17th Sep 2012 07:00
Oxford Pharmascience Group plc
("Oxford Pharmascience" or "the Company")
Oxford Pharmascience publishes its interim results for the six months to 30 June 2012
Oxford Pharmascience Group Plc is pleased to announce its unaudited interim results for the six months to 30 June 2012.
Chairman's Statement
2011 was a breakthrough year for the Company having changed its focus to the higher value pharmaceutical market. The commencement of sales to Aché, one of Brazil's largest pharmaceutical companies and the launch of its OXP zero™ taste masking technology left it well placed going into this year.
I said at the time the challenge for the Company going forward was twofold. First, we must continue to develop excellent science into innovative products that industry wants and requires. Second, we must continue to commercialise these products with major pharma companies to secure a profitable route to market. I am delighted with the progress made in the first half of 2012.
Revenues from our OXPchew™ technology continue to grow with strong sales from Aché and earlier than expected commencement of revenues to the Far East. Importantly the company signed its first licensing deal with a major global pharmaceutical company, Bayer. This demonstrates our ability to do commercial deals with the 'big boys' and bodes exceedingly well if this is repeated for the OXPzero™ and OXPtarget™ technologies.
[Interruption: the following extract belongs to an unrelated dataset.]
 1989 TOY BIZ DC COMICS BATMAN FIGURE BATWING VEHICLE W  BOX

Co-development work has begun with Hermes Pharma for a range of ibuprofen direct to mouth granules using OXPzero™. This will result in clinical studies later this year to demonstrate the bio-equivalence of our OXPzero™ ibuprofen salt, a major step towards securing the first licensed medicine using the technology. Repeating the success of the OXPchew™ business with OXPzero™ by first commercialising a product and then extending this to deals with other highly reputable pharmaceutical companies in ibuprofen alone will take the company a long way forward.
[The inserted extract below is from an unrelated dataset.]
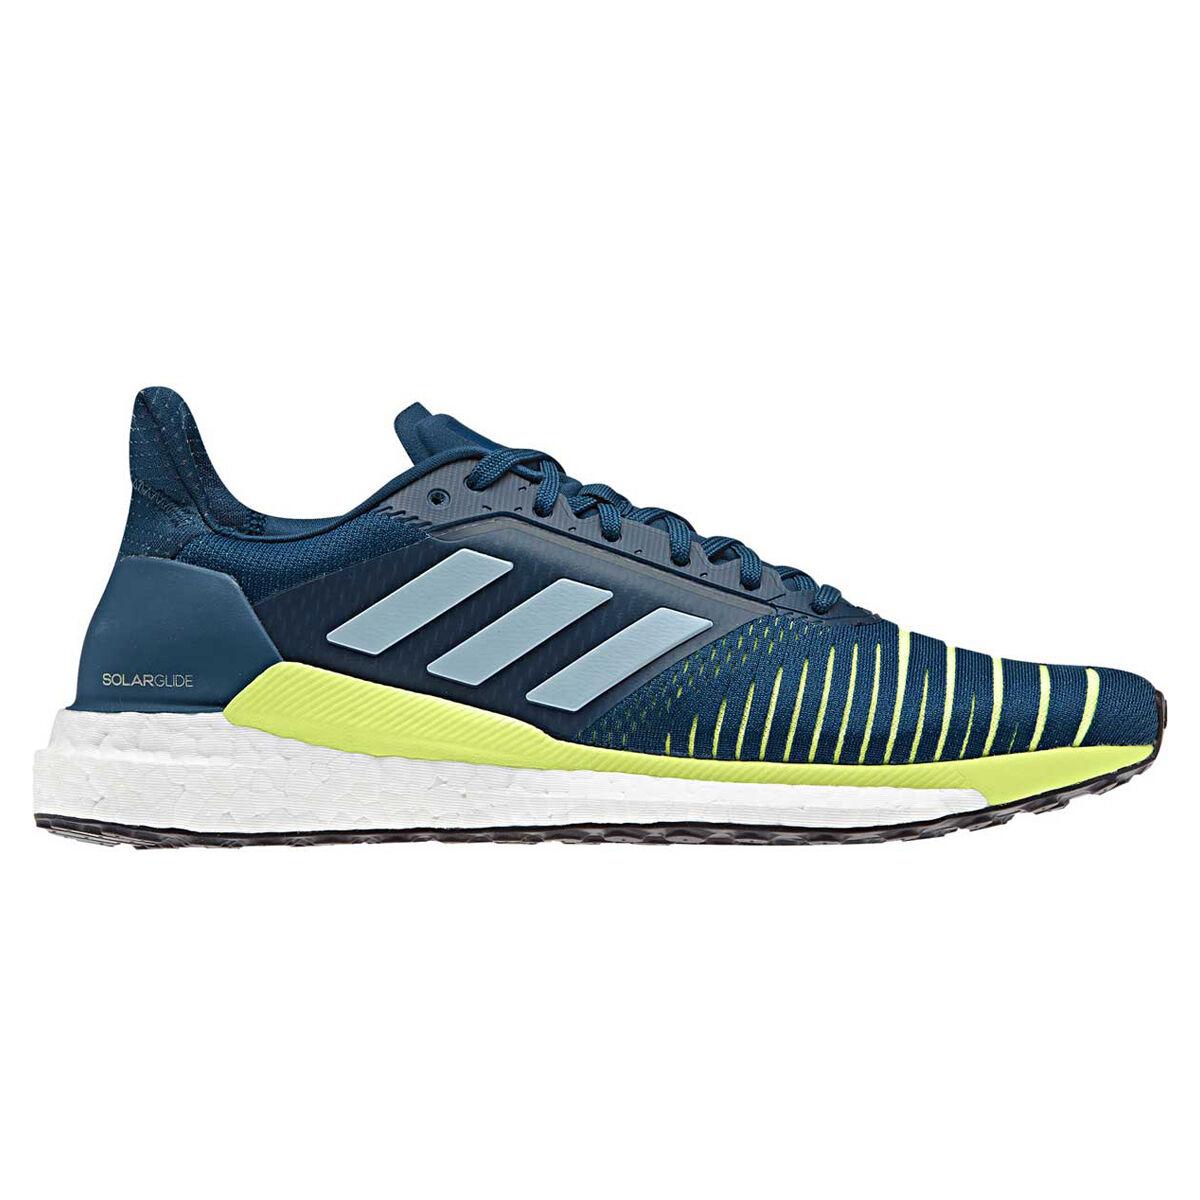 Clothing & Accessories Glorious Adidas Supernova Mens Running Jacket Full Zip Training Sports Coat Blue

World leading science and intellectual property remains at the core of our technology portfolio. The recent announcement that we have now signed an exclusive global license from The School of Pharmacy, University of London, with the intention to develop and commercialise a range of 'safer' formulations of Simvastatin and Atorvastatin moves the company into an area with potential for exponential growth. Cardiovascular disease is the number one cause of deaths worldwide and Statins are the leading drugs used to combat this. Continued concerns remain though about potential side effects of using statins, particularly at higher doses and this is a major issue for this sector. Our Safestat™ products will potentially allow the formulation of lower dose statins, up to four times lower dosage, but with the equivalent lipid reduction effect of the current higher dose statin.
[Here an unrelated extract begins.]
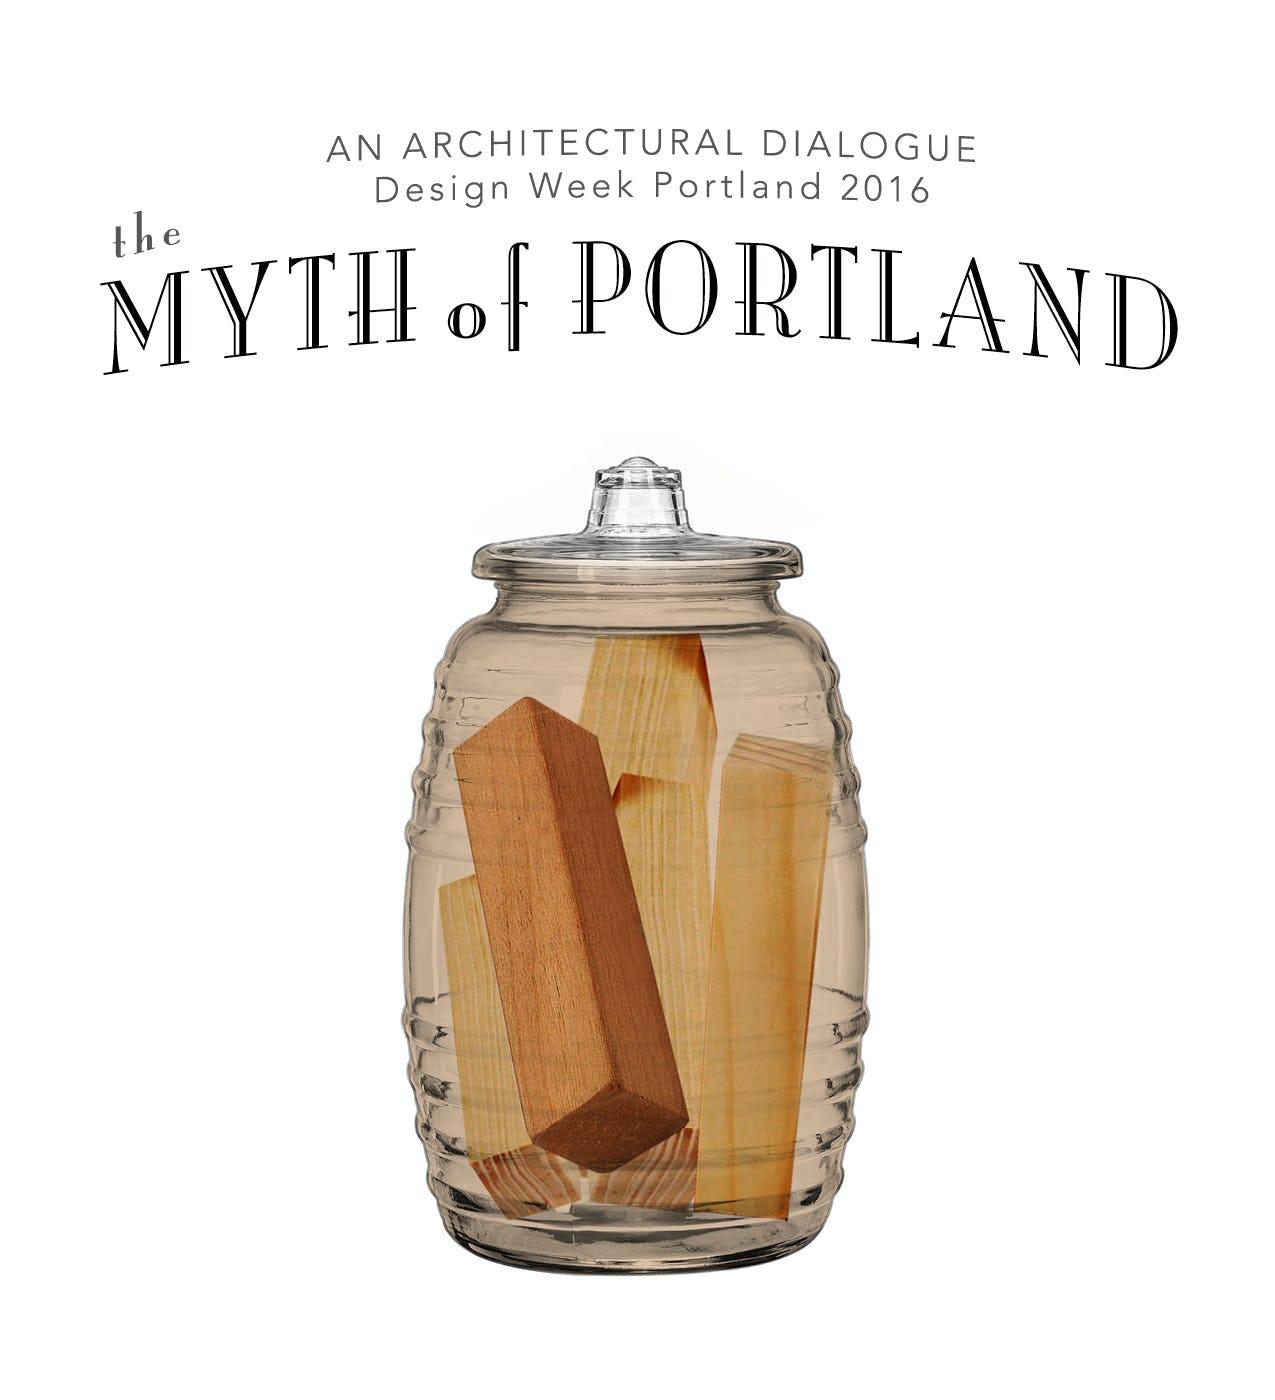 The myth of portland

The Company has continued to evolve excellent science into innovative potential products and expanded the commercial success of its existing products. Now the challenge is to convert these new potential products into real exciting products that industry wants and to repeat the commercial success of OXPchew™ by signing commercial agreements in the more attractive and higher value areas of NSAIDs and Statins. I believe that we have the team and technology to achieve this and look forward to the future with continued confidence.
David Norwood
Chairman
14 September 2012
Six months to 30 June 2012 | Six months to 30 June 2011 | Year to 31 December 2010 | |||
(Unaudited) | (Unaudited) | (Audited) | |||
Notes | £'000 | £'000 | £'000 | ||
Revenues | 3 | 341 | 20 | 282 | |
Cost of sales | (214) | (16) | (249) | ||
Gross Profit | 127 | 4 | 33 | ||
Administrative expenses | (526) | (505) | (969) | ||
Total administration costs | (526) | (505) | (969) | ||
Operating loss | (399) | (501) | (936) | ||
Finance income | - | - | - | ||
Loss before tax | (399) | (501) | (936) | ||
Taxation | 4 | - | - | 10 | |
Loss after tax attributable to equity holders of the parent | (399) | (501) | (926) | ||
Loss per share | |||||
Basic on loss for the period (pence) | 5 | (0.07) | (0.11) | (0.19) | |
Diluted on loss for the period (pence) | 5 | (0.07) | (0.11) | (0.19) |
The loss for the year arises from the Group's continuing operations.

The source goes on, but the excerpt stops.